__WHAT IS BEING ASKED__: Leaving out the pictures, retype exactly the lines from the one holding "Prévisualisation du document" through the end of the material.

__EXERCISE DATA__:

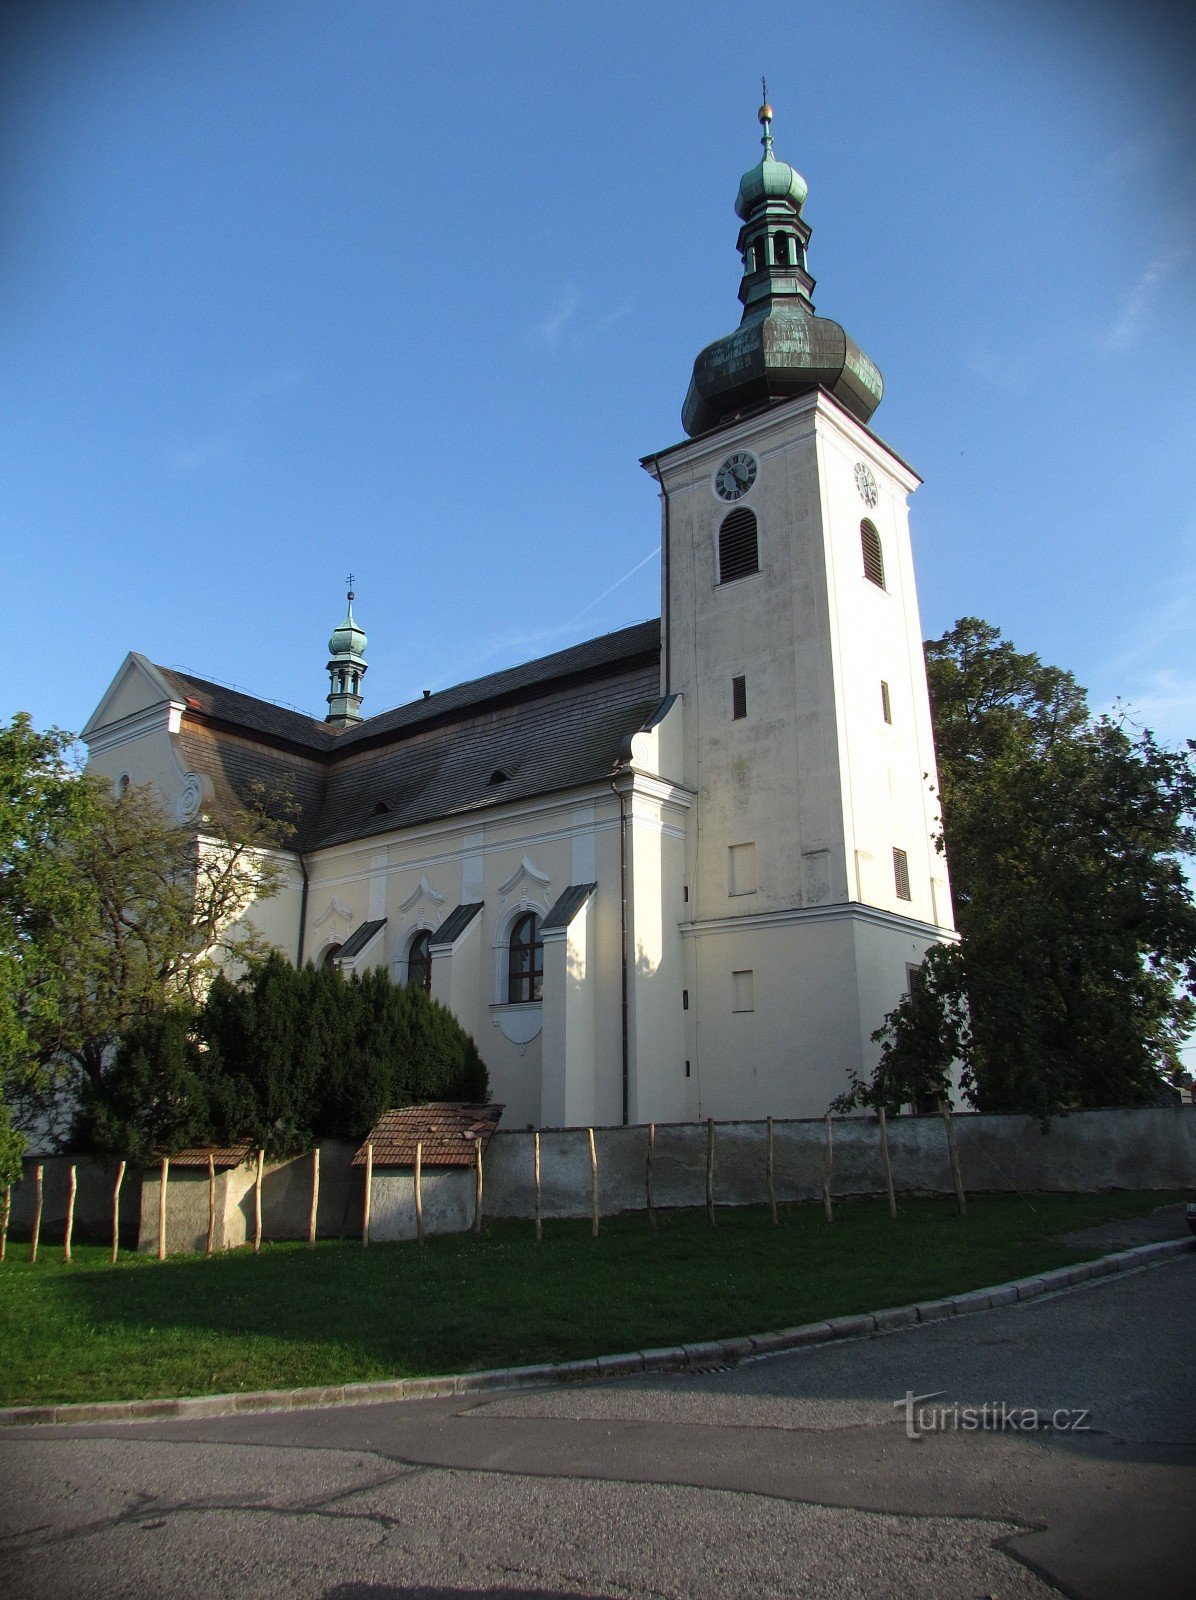 Náměstí Svobody în Buchlovice
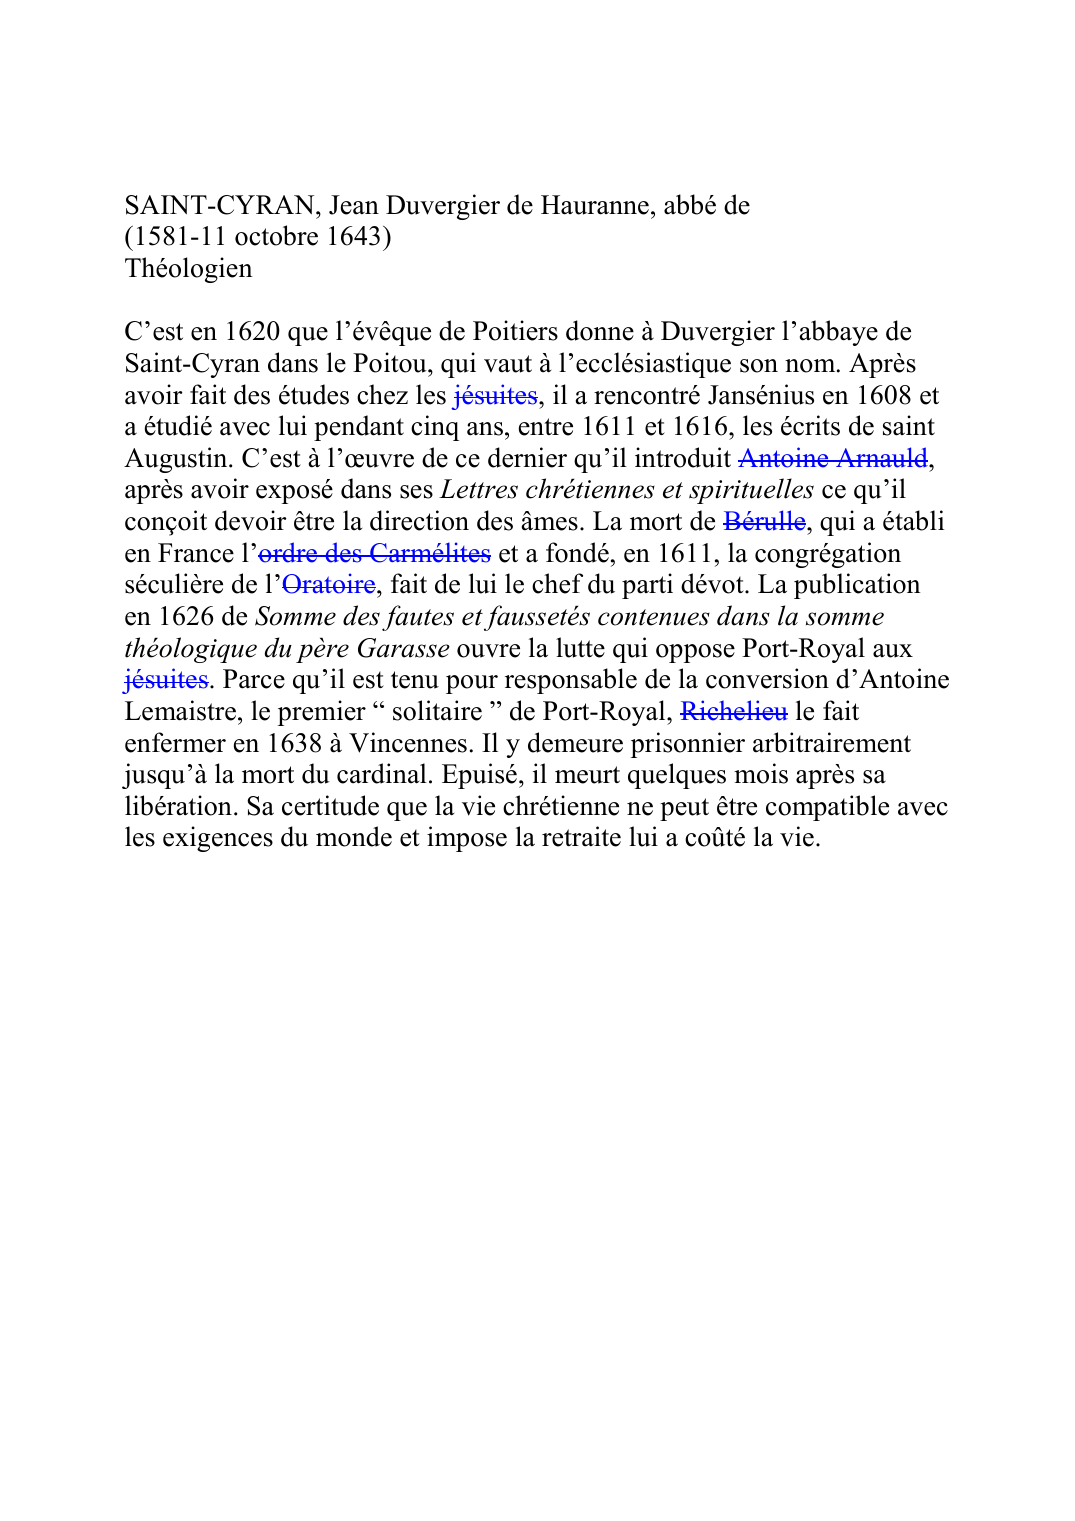 Prévisualisation du document SAINT-CYRAN, Jean Duvergier de Hauranne, abbé de(1581-11 octobre 1643)ThéologienC'est en 1620 que l'évêque de Poitiers donne à Duvergier l'abbaye deSaint-Cyran dans le Poitou, qui vaut à l'ecclésiastique son nom.
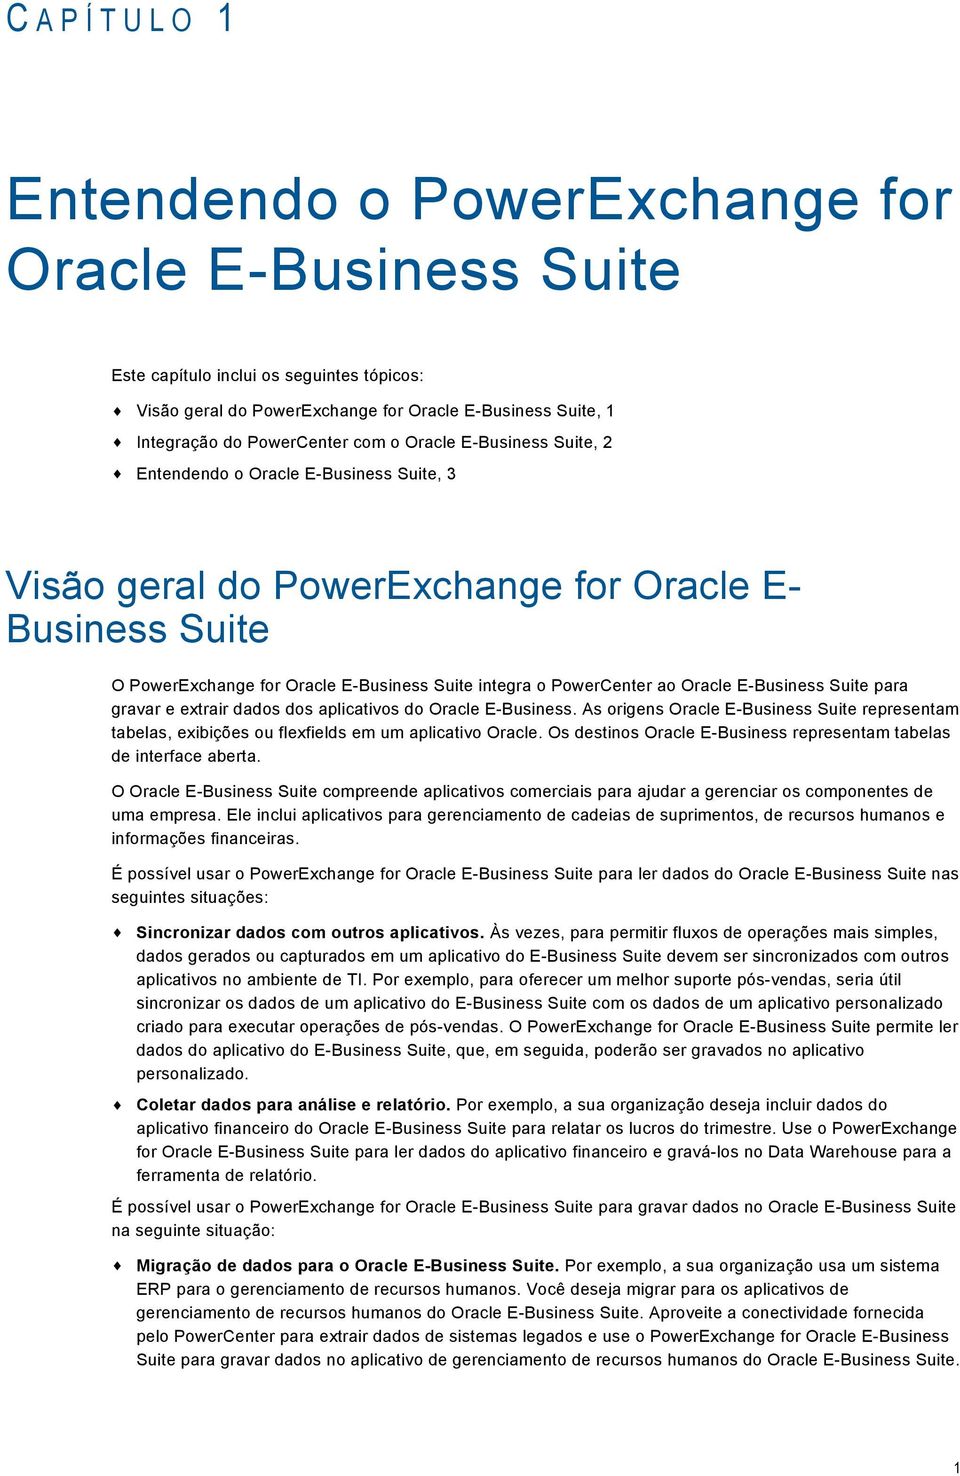 PowerCenter ao Oracle E-Business Suite para gravar e extrair dados dos aplicativos do Oracle E-Business.
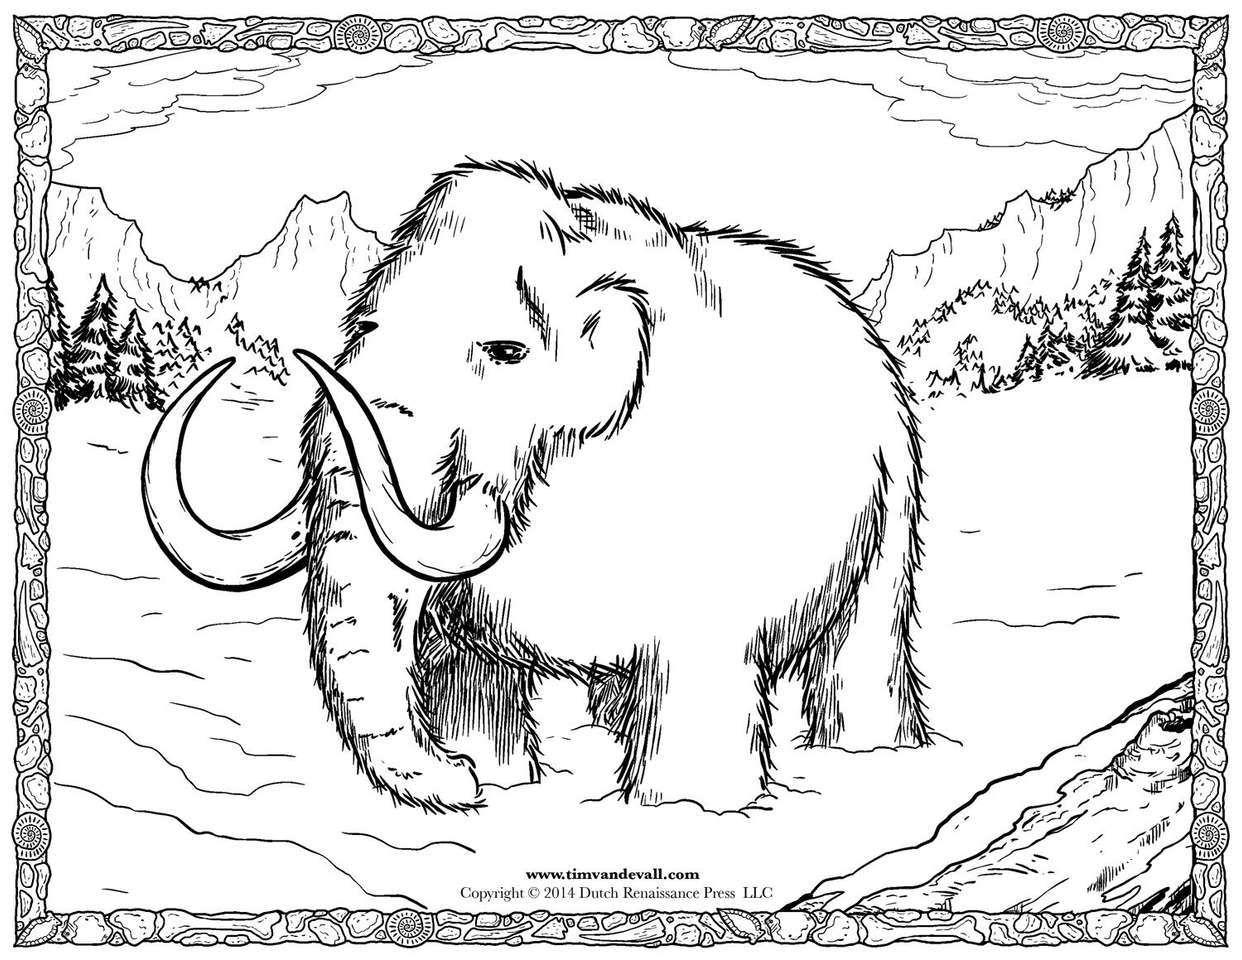 Mammut-Rätsel Online-Puzzle

__EXERCISE SOLUTION__:
 Prévisualisation du document SAINT-CYRAN, Jean Duvergier de Hauranne, abbé de(1581-11 octobre 1643)ThéologienC'est en 1620 que l'évêque de Poitiers donne à Duvergier l'abbaye deSaint-Cyran dans le Poitou, qui vaut à l'ecclésiastique son nom.
 PowerCenter ao Oracle E-Business Suite para gravar e extrair dados dos aplicativos do Oracle E-Business.
 Mammut-Rätsel Online-Puzzle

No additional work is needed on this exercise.